Ahí estoy yo sin dormir, y al otro lado del mundo algunas personas ya se bañaron, desayunaron y están sentados en sus escritorios trabajando.
Hace más de una hora me acosté dizque para dormir. Leí un rato, luego me puse a mirar el celular –ya saben, darle scroll down como si el mundo se fuera a acabar–, lo dejé de nuevo sobre el mueble modular al lado de mi cama que hace sus veces de mesa de noche, y luego de apagar la luz me pongo a pensar en los huevos del gallo.
En medio de mi contemplación a ojo cerrado, me pregunto sin roncaré mucho estando dormido. Mi hermano y una de mis hermanas son campeones mundiales de ronquido. No les envidio eso, pero si la facilidad que tienen para dormirse. Parece que apenas ponen la cabeza en la almohada caen en un sueño profundo. Yo, en cambio, doy vueltas y vueltas, repaso eventos viejos y recientes, moldeo ideas para escribir algo y en eso se me va el tiempo hasta que me quedo dormido.
¿Será que roncar tiene una relación directa y proporcional con soñar, es decir, que a más ronquidos mayor producción de sueños?
De ser así, por eso debo soñar poco o mal, pues muy rara vez recuerdo que fue lo que soñé y cuando lo logro, son sueños locos, partidos en escenas sin mucho sentido, como si mi inconsciente se hubiera tragado una pastilla de LSD.

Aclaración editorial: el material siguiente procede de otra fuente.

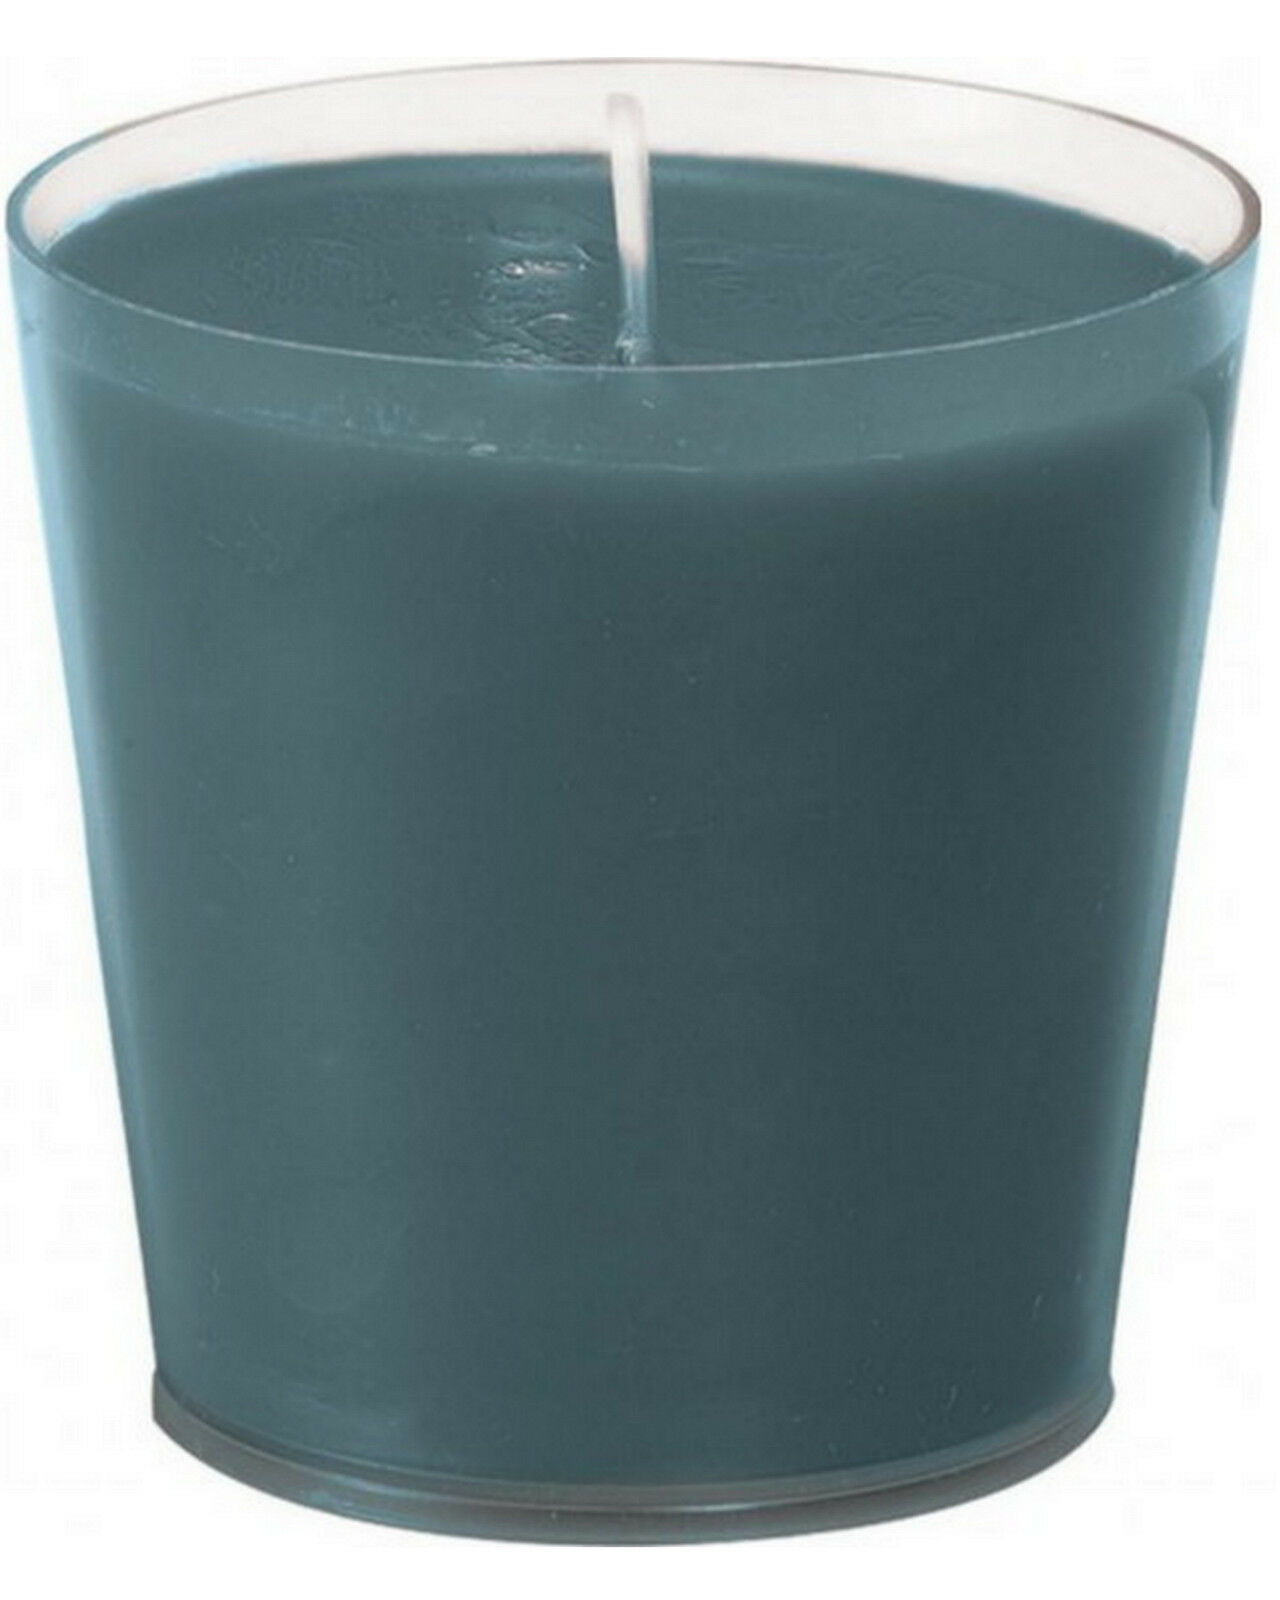 6-12 Stück Nachfüller Kerze 65 x 65mm 30h Acryl Cup Refill Wachs für Kerzenglas - Blau-Grau, 12 Stück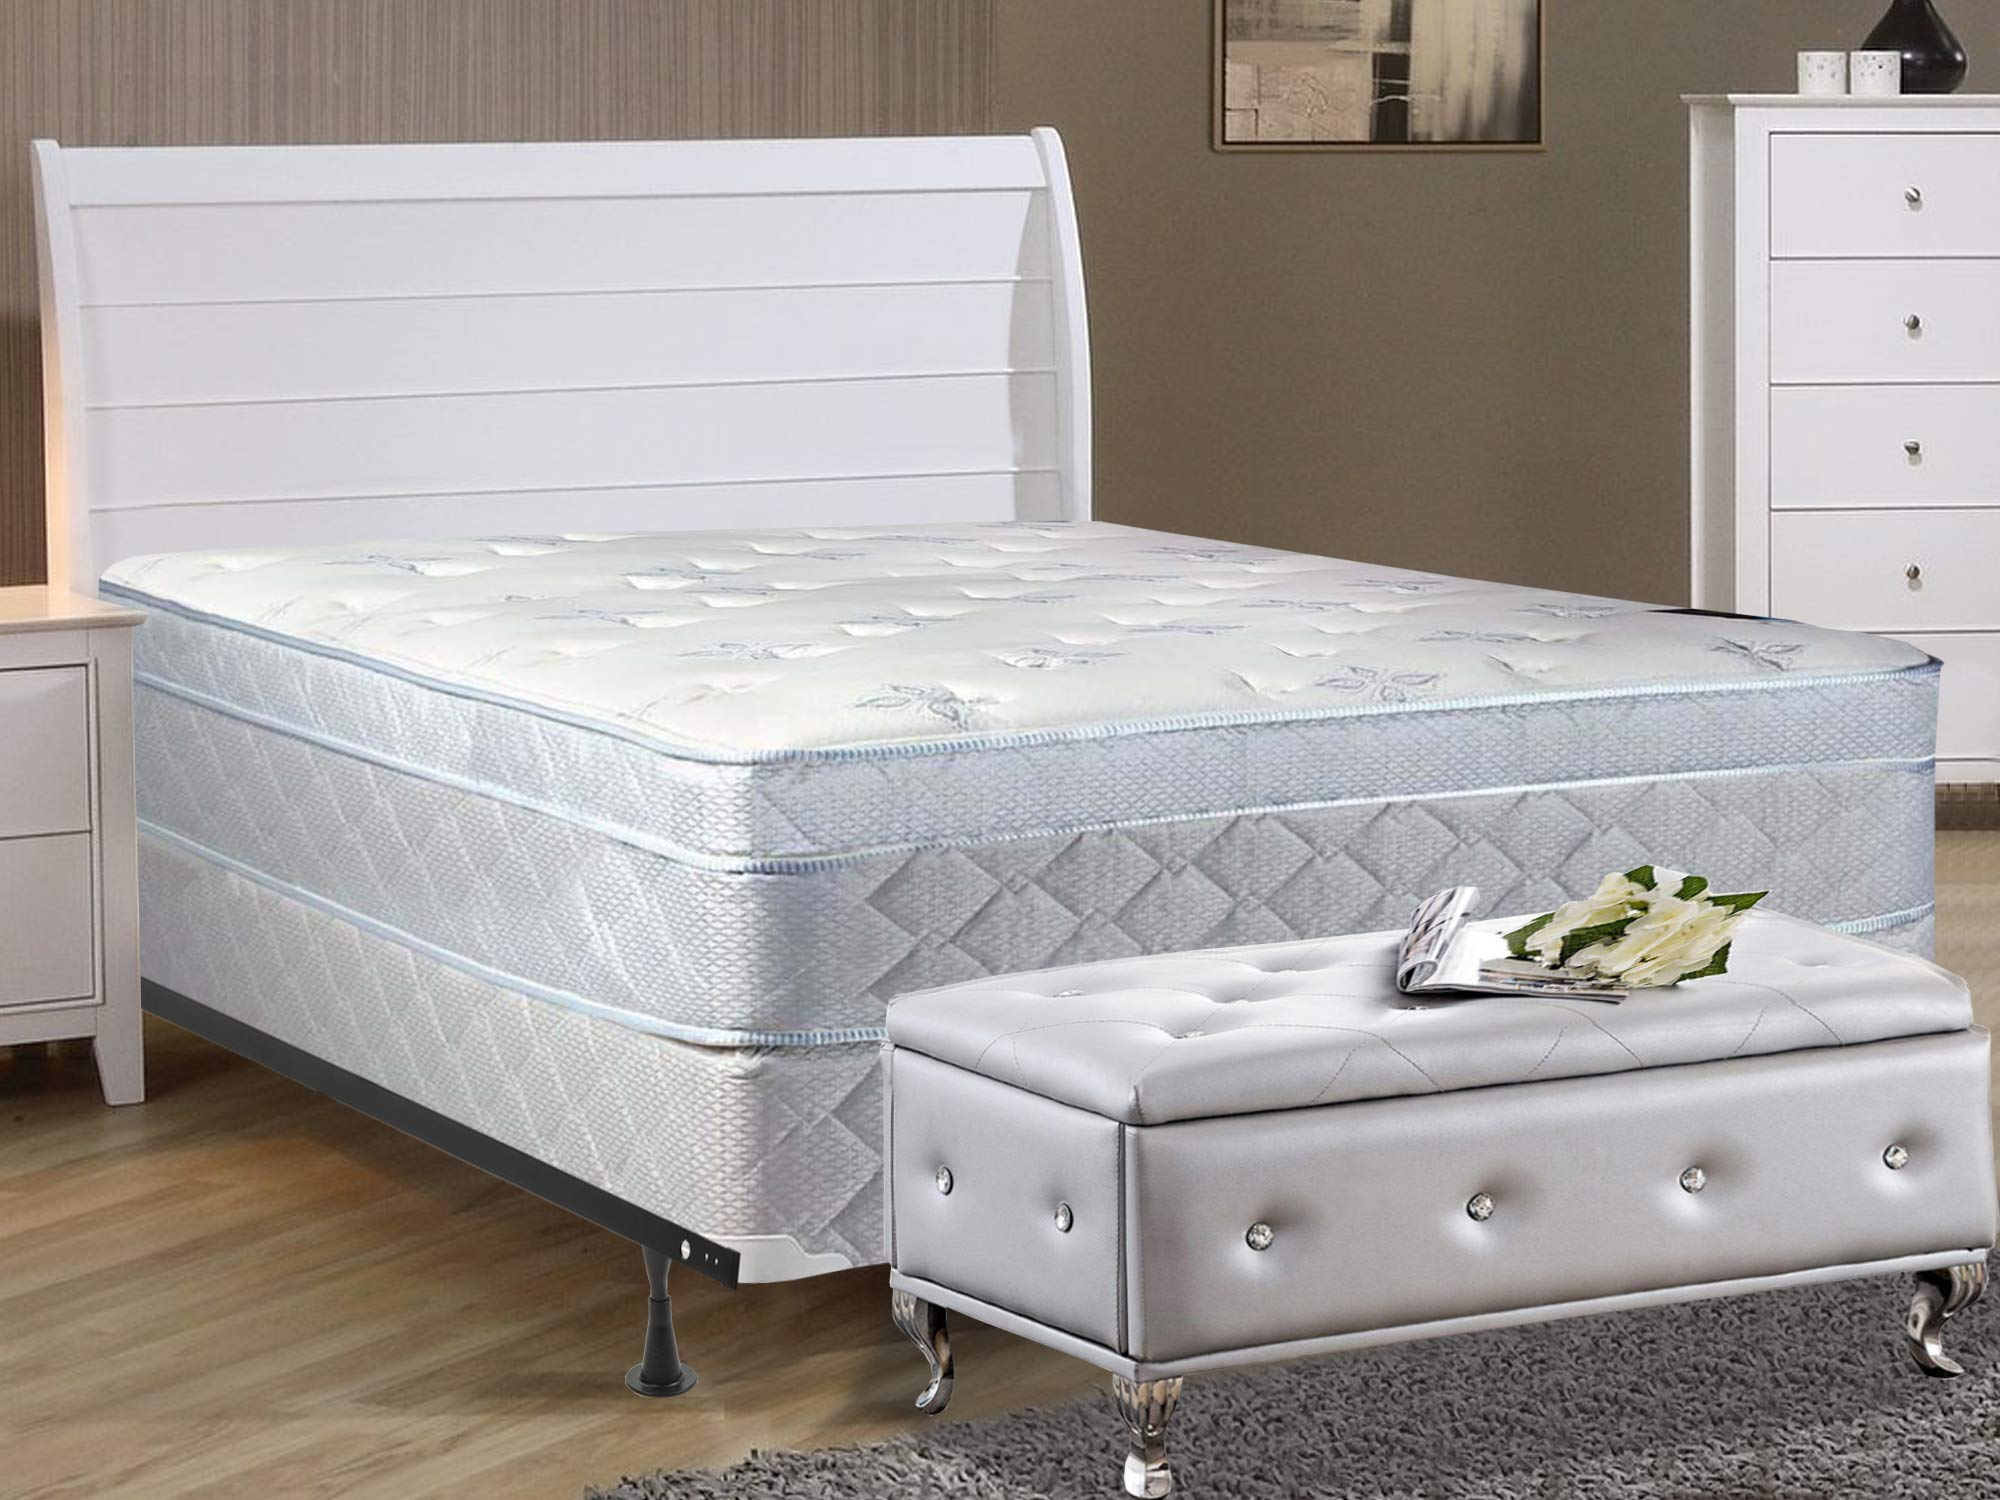 Continental Sleep 10-inch Plush Mattress, Full, Size by Continental Sleep

Pienso que lo mejor sería dejar ese análisis para otro rato e intentar dormirme, o si no mañana no habrá alarma que me despierte.
Odio las alarmas.
Imagino que esa interrupción drástica, para pasar del sueño a la vigilia, nos recuerda aquel momento traumático en el que nos sacaron del útero materno.
Ahí sigo otro rato, encadenando un pensamiento detrás de otro hasta que me quedo dormido.